EXERCISE DESCRIPTION >> The whole listing, exactly as given: write it out, leaving out each image.

DATASET EXCERPT >>

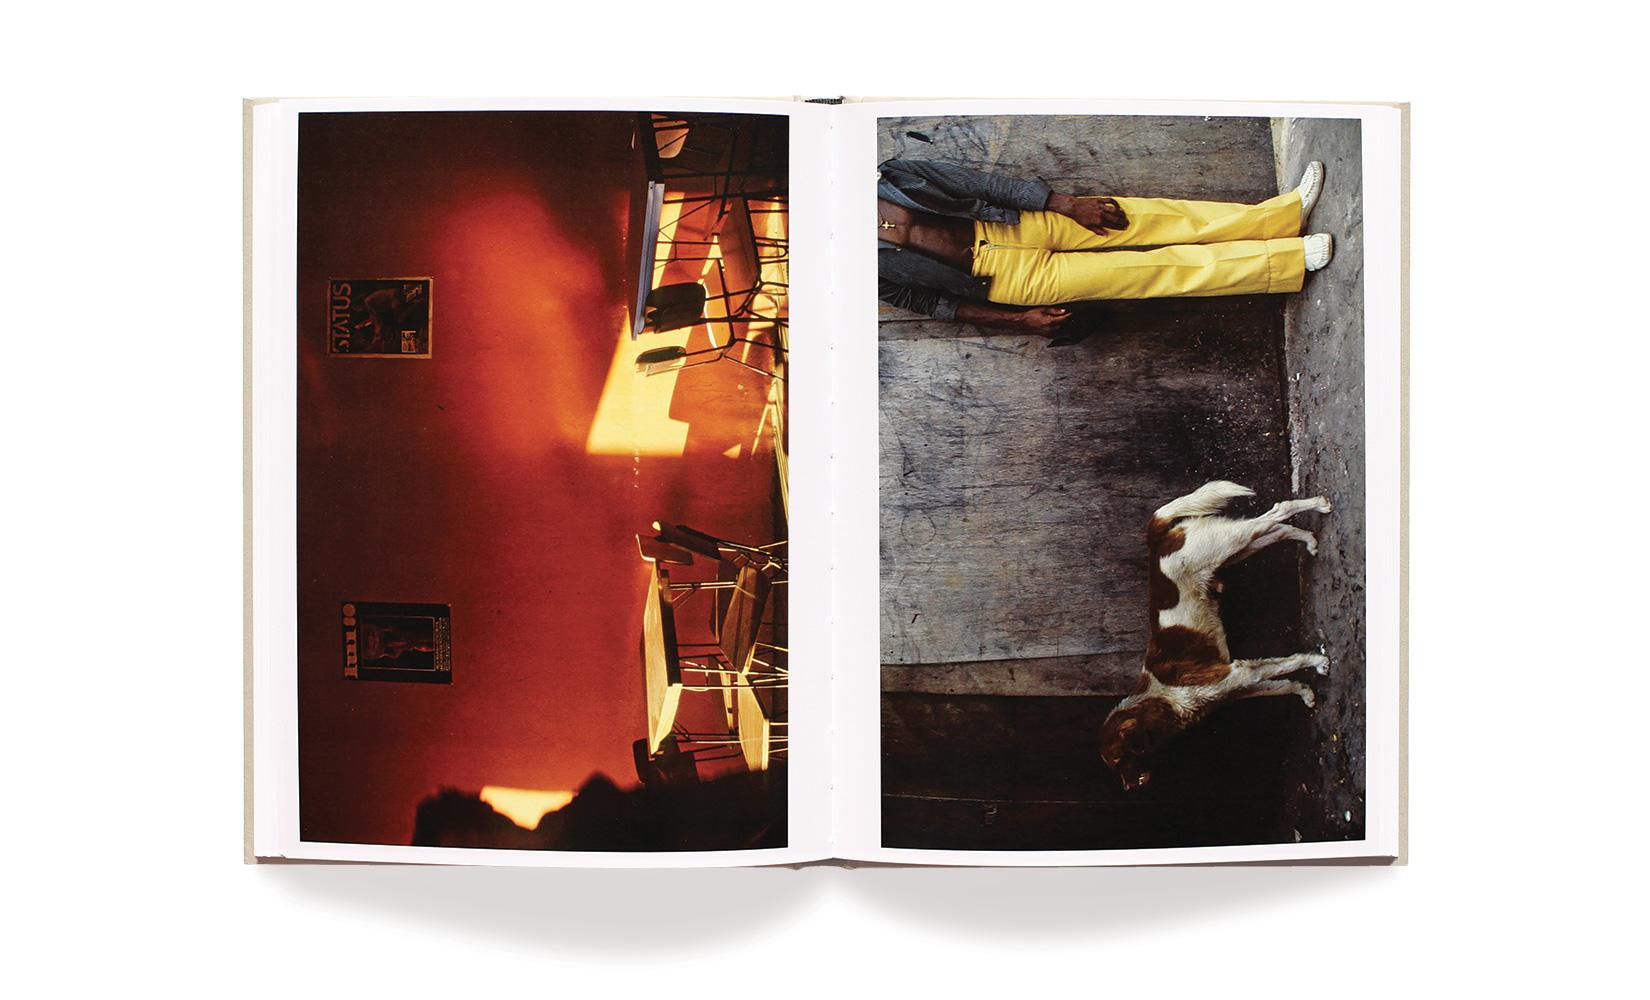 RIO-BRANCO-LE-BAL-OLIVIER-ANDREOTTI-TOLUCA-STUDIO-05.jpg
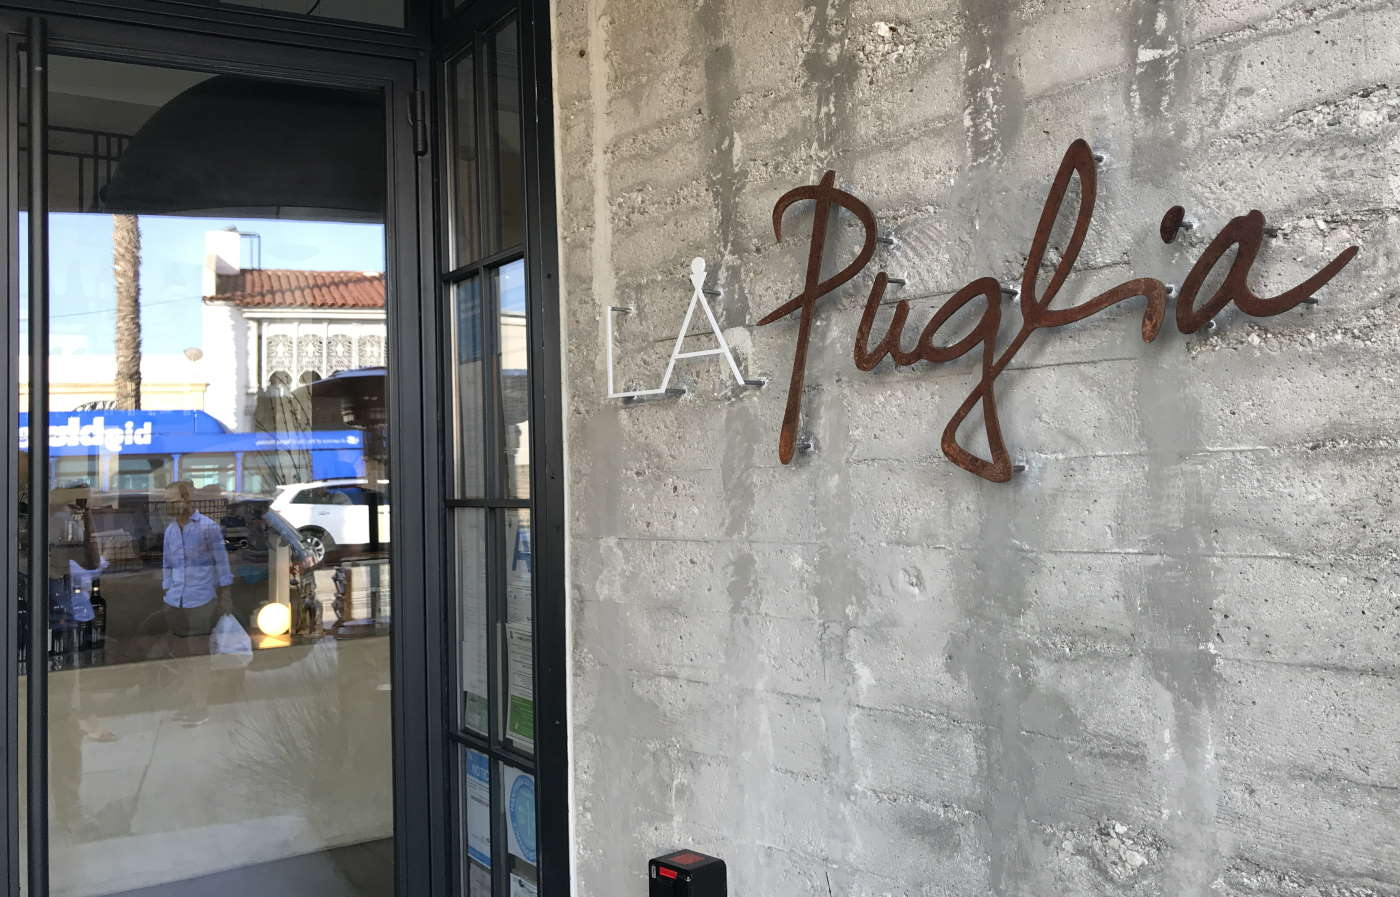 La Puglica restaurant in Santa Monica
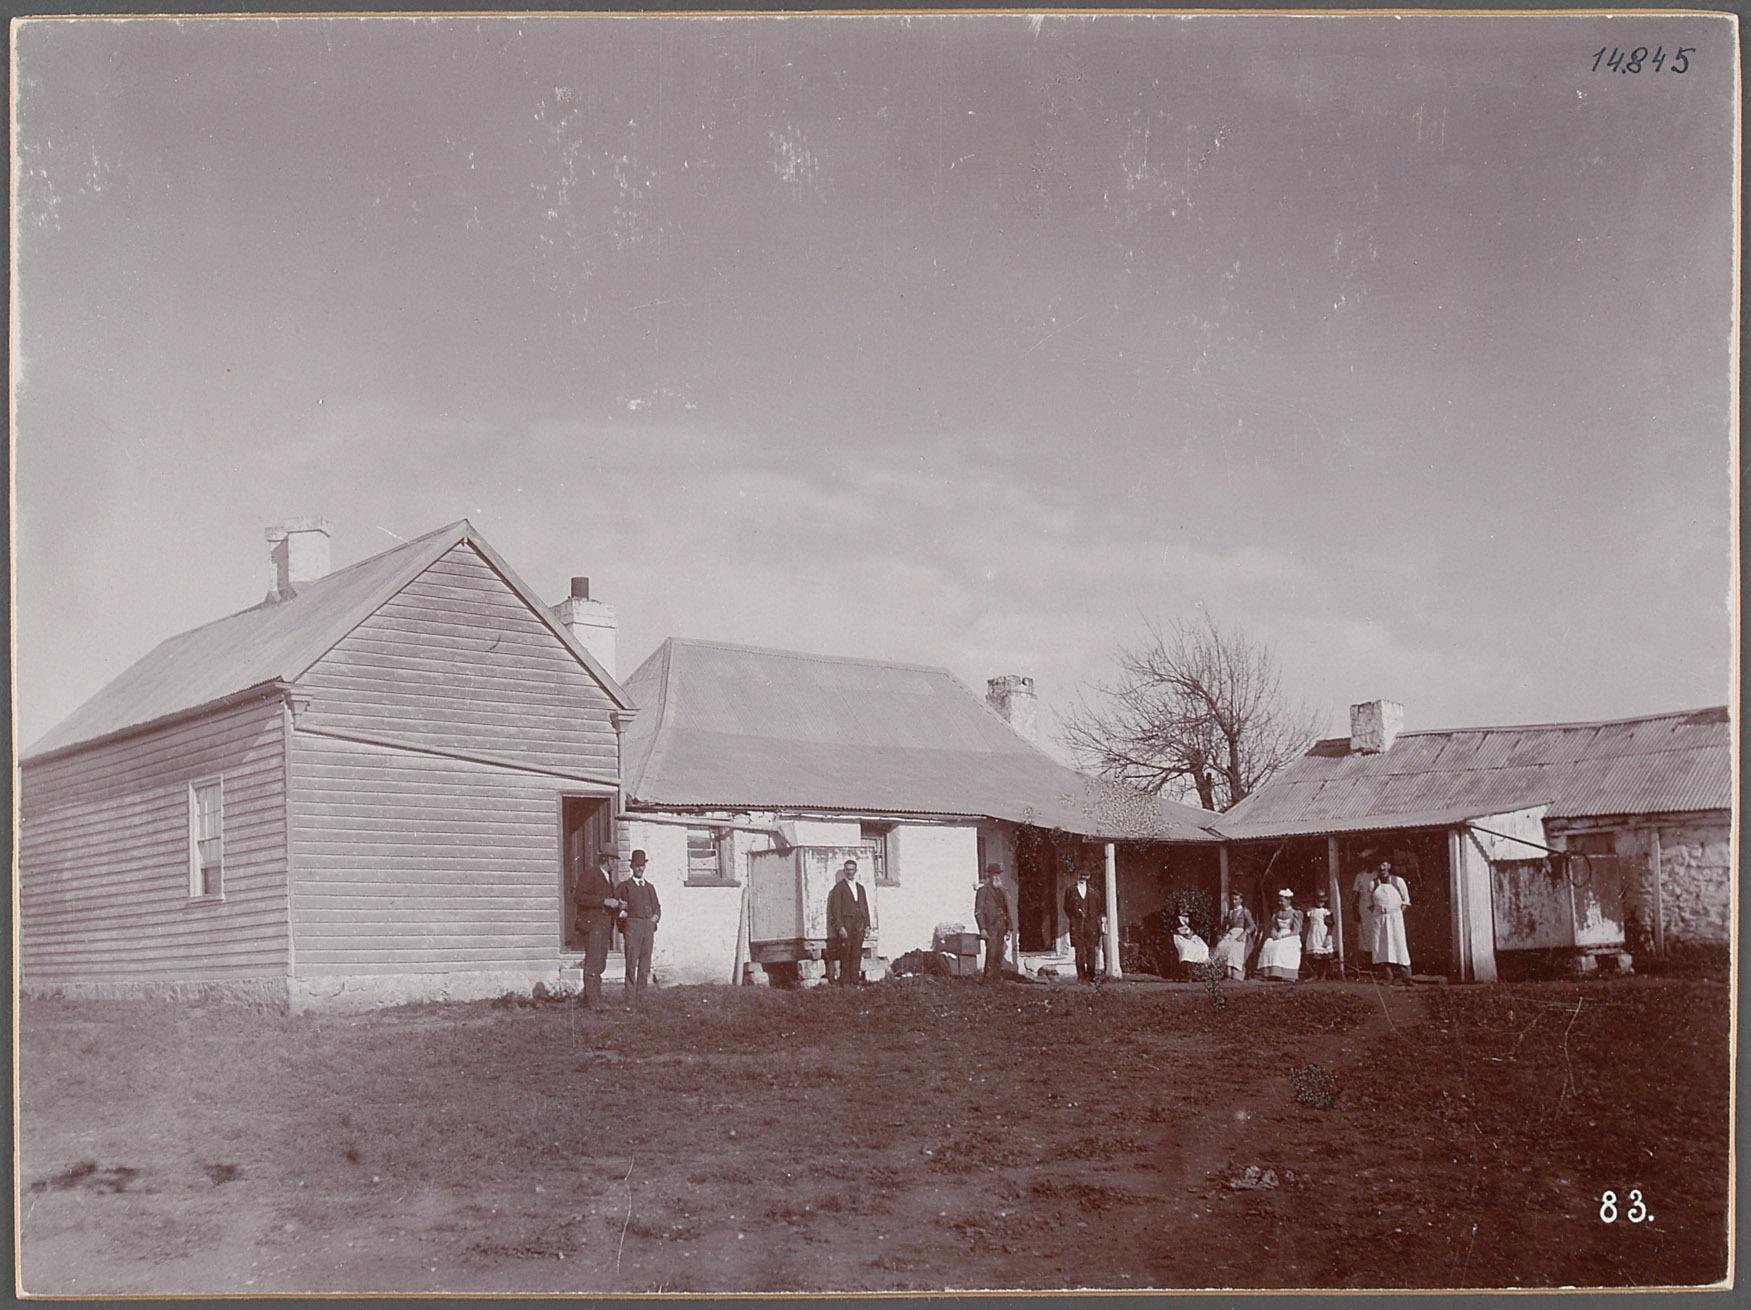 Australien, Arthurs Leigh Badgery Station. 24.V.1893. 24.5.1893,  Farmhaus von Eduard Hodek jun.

ANSWER >>
 RIO-BRANCO-LE-BAL-OLIVIER-ANDREOTTI-TOLUCA-STUDIO-05.jpg
 La Puglica restaurant in Santa Monica
 Australien, Arthurs Leigh Badgery Station. 24.V.1893. 24.5.1893,  Farmhaus von Eduard Hodek jun.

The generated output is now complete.